Tidal dissipation and the formation of Kepler near-resonant planets
J.-B. Delisle, J. Laskar

TL;DR
This paper suggests that tidal dissipation played a key role in shaping the near-resonant configurations of Kepler multi-planet systems, especially for close-in planets, explaining their period ratios.
Contribution
It provides evidence that tidal dissipation can account for the near-resonant period ratios observed, especially highlighting the distance-dependent effects.
Findings
Close-in systems show different period ratio distributions than distant ones.
Tidal dissipation effects are stronger for close-in planets.

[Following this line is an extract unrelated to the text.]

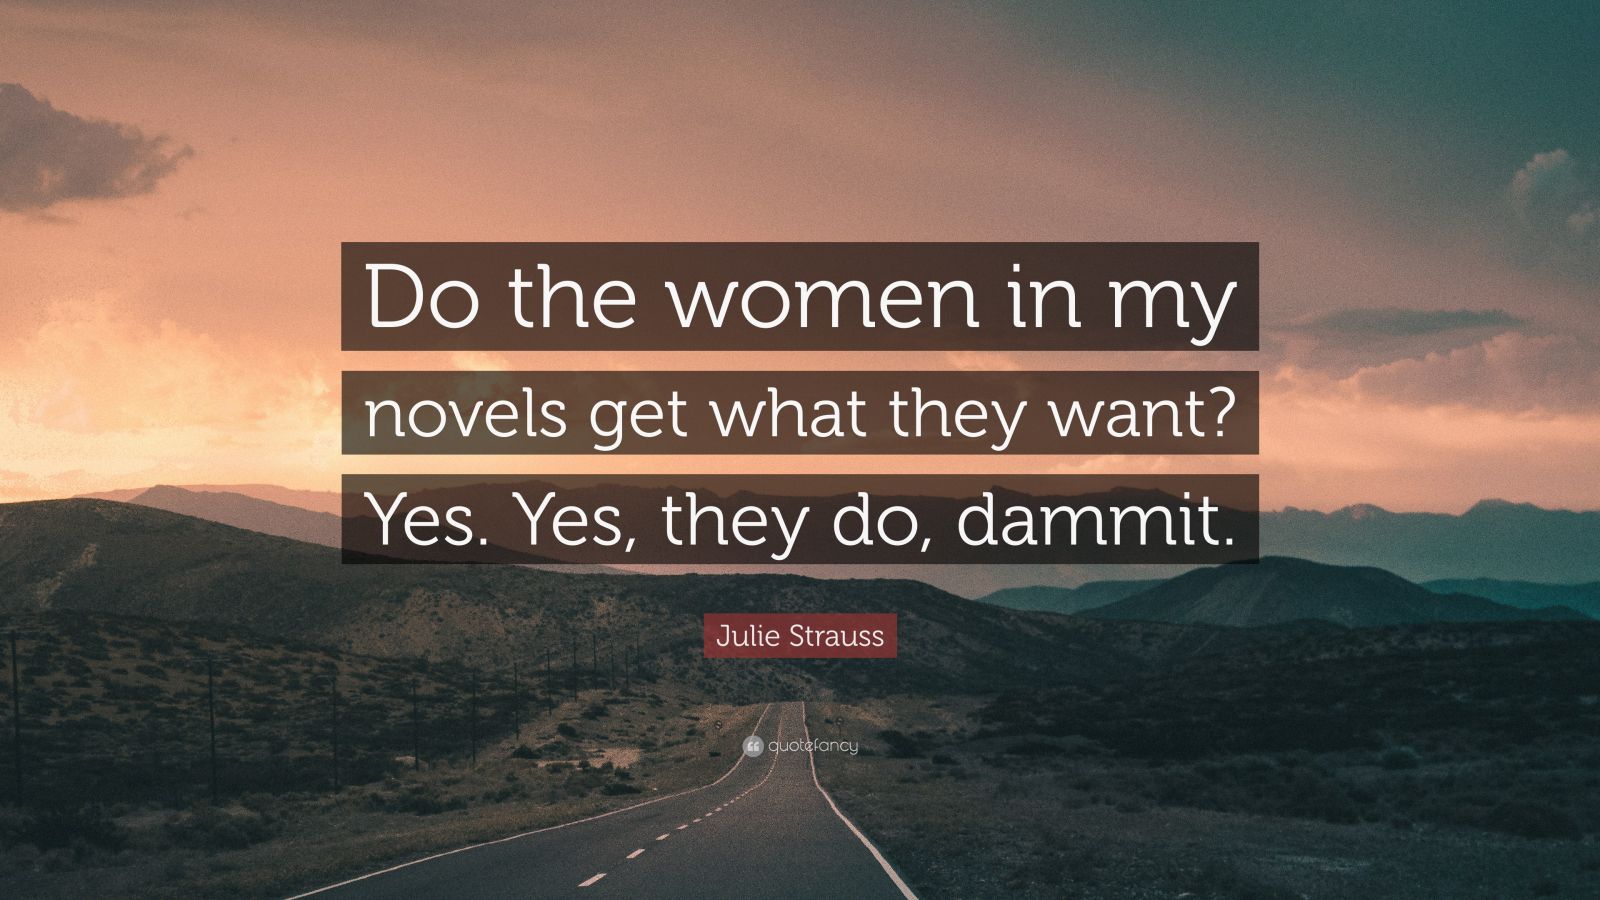 Julie Strauss Quote: “Do the women in my novels get what they want? Yes ...

Distance-dependent distribution supports tidal dissipation as a formation mechanism.
Abstract
Multi-planetary systems detected by the Kepler mission present an excess of planets close to first-order mean-motion resonances (2:1 and 3:2) but with a period ratio slightly higher than the resonant value. Several mechanisms have been proposed to explain this observation. Here we provide some clues that these near-resonant systems were initially in resonance and reached their current configuration through tidal dissipation. The argument that has been opposed to this scenario is that it only applies to the close-in systems and not to the farthest ones for which the tidal effect is too weak. Using the catalog of KOI of the Kepler mission, we show that the distributions of period ratio among the most close-in planetary systems and the farthest ones differ significantly. This distance dependent repartition is a strong argument in favor of the tidal dissipation scenario.